So are the performers. Though all of them sing, several have been chosen for other musical abilities as well: Daniel Bailen plays bass, James Nathan Hopkins keyboards, Daniel Woods guitar, and James Williams percussion. Most of the vocal solos are reserved for the two women (Laura Dreyfuss and Nathaly Lopez) and Riabko, whose beautiful, breathy head voice helps defuse the songs’ innate swagger. But even at full volume, the show never shouts, or needs to; our ears have been retuned sufficiently to be able to hear large contrasts without blowing out the speakers. The natural highs of the songs feel human-sized.

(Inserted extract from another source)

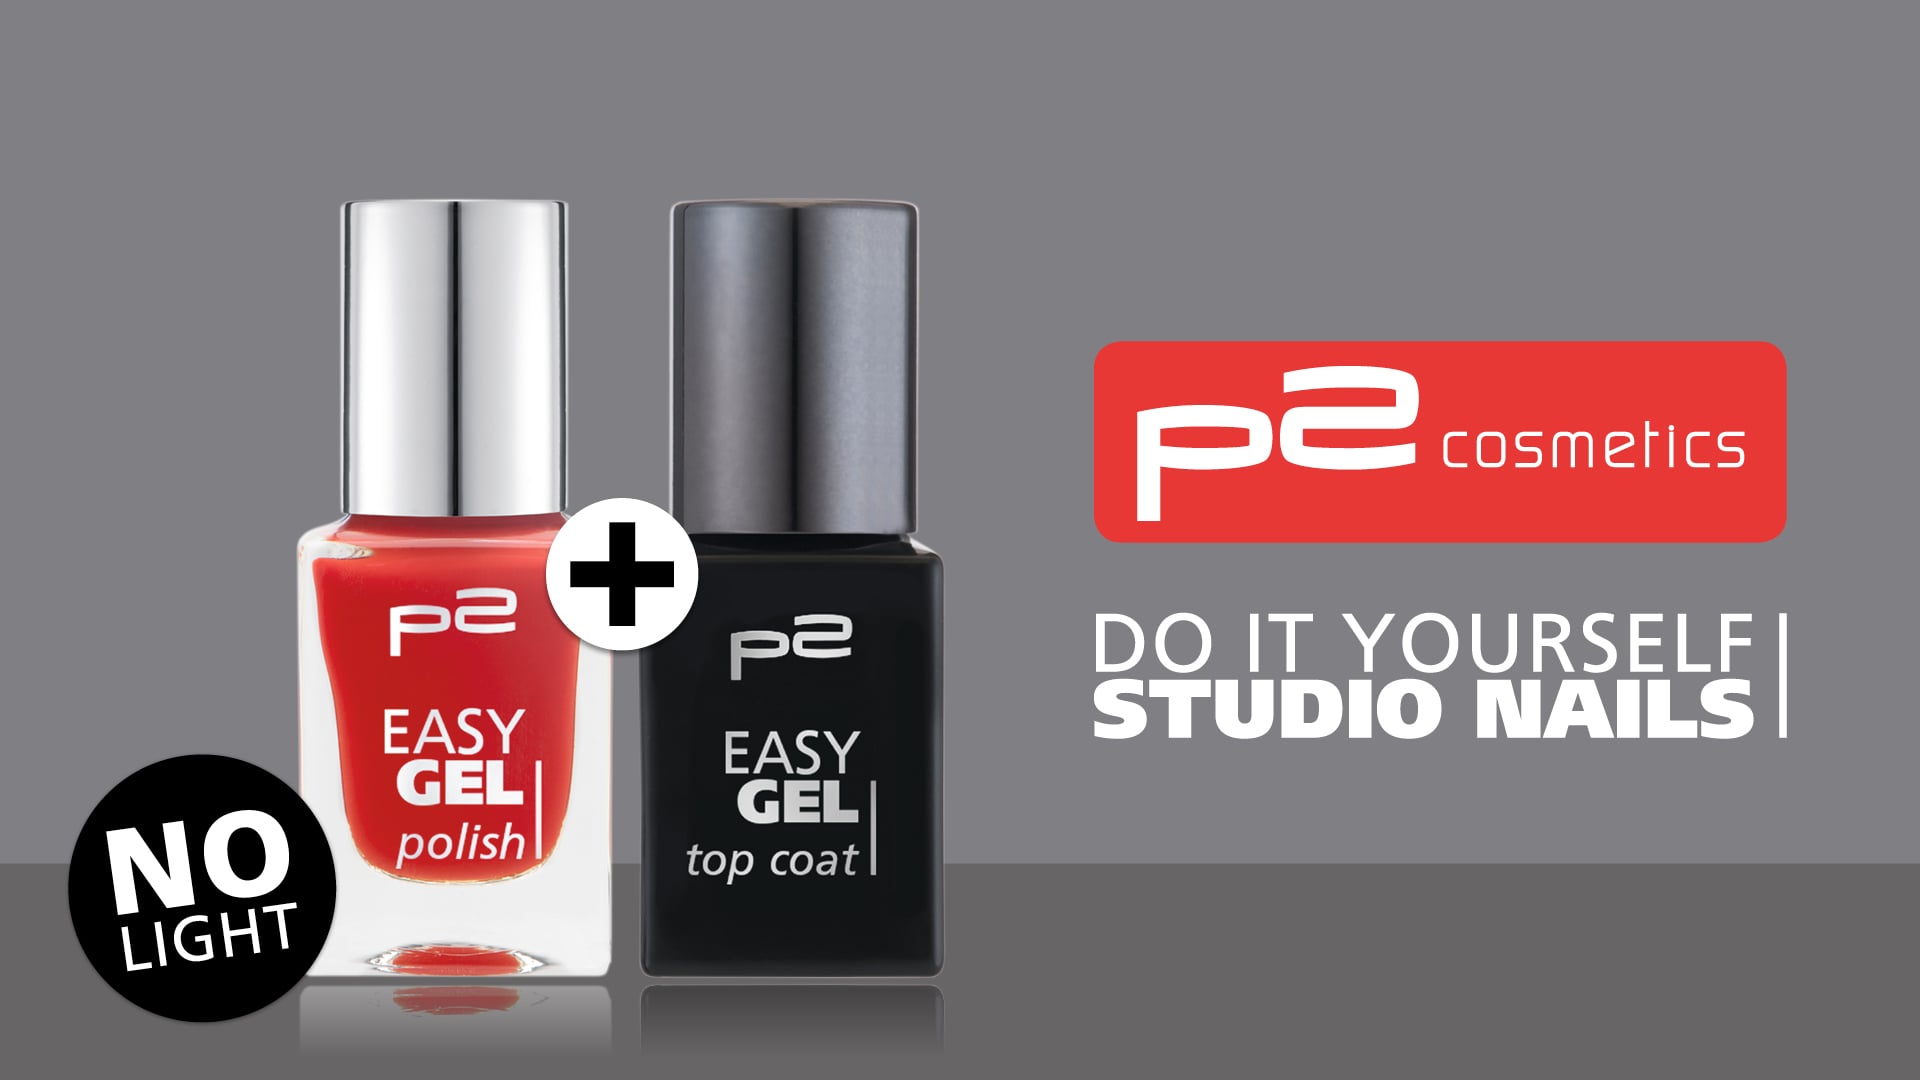 p2 cosmetics | Easy Gel Polish on Vimeo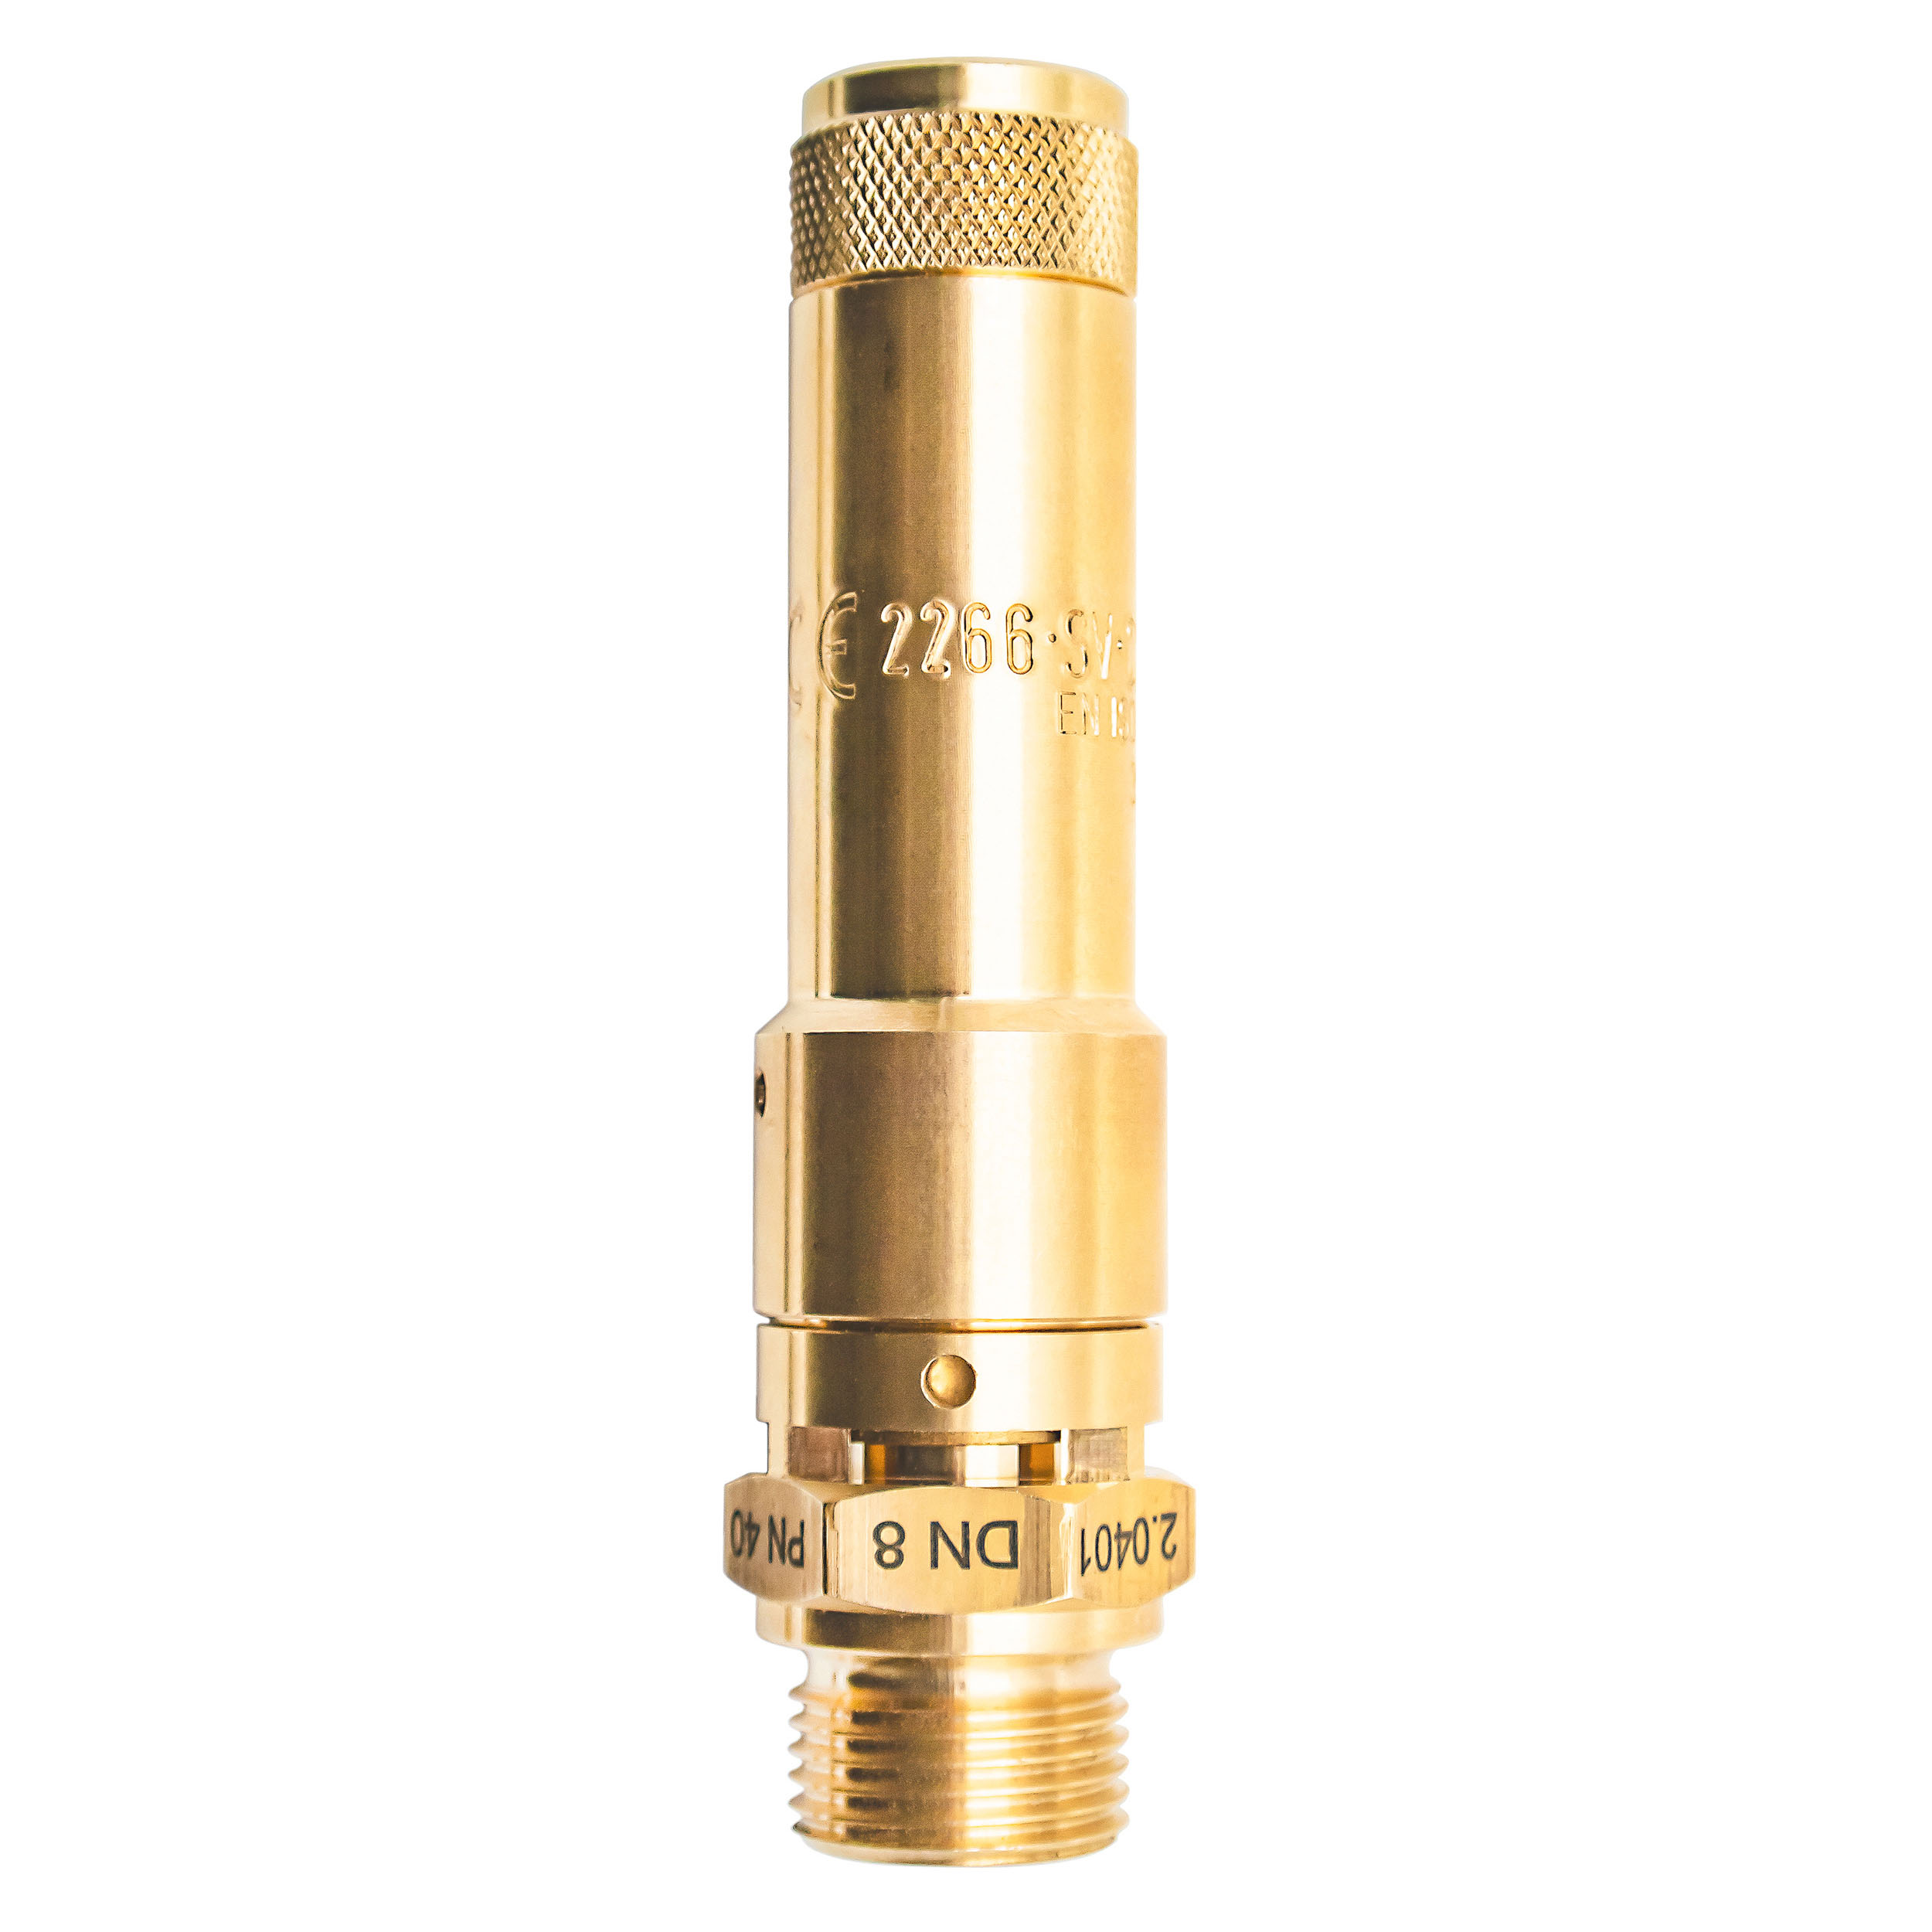 Savety valve component tested DN 8, G½, set pressure: 2.9 bar (42,05 psi)

This solves the problem of the jaded ear, but what of the heart? Warwick’s flat affect generally suggested that listeners should not listen too carefully to the words or take anything too seriously. But what Riabko has noticed, and emphasized, is that Hal David’s lyrics (and the others, too) are almost without exception gloomy. Riabko has obviously chosen the first number, “Anyone Who Had a Heart,” to announce the show’s theme of love rejected: “You couldn’t really have a heart and hurt me like you hurt me and be so untrue.” By setting this 1963 Warwick hit against a simple guitar accompaniment, he exposes rather than smoothes over the weirdness of the writing: the frequent shifts of meter, the modal instability, and, in the lyric, the odd-shaped phrases and long talky lines. Soon enough you start hearing all the songs this way; their peculiarities leap out at you. Just count the beats in these two famous lines:

Raindrops keep falling on my head 
But that doesn’t mean my eyes will soon be turning red

And was there ever a leggier lyric than “On the day that you were born the angels got together and decided to create a dream come true”?

Of course, “Close to You” is another song about being near but not really confident of the one you love. (“That why all the boys in town / follow you all around.”) With his choice and ordering of the numbers, Riabko develops this theme from relatively straightforward statements of frustrated desire through obsessive need, heartbreak, alienation, and regret. The titles of a sequence partway through the show tell the sorry story: “I’ll Never Fall in Love Again,” “Mexican Divorce,” “I Just Don’t Know What to Do,” “On My Own.” Finally, with “Alfie” in the eleven o’clock position, the world’s most sung-about emotion is, if not redeemed, endorsed half-heartedly: “Until you find the love you’ve missed, you’re nothing.”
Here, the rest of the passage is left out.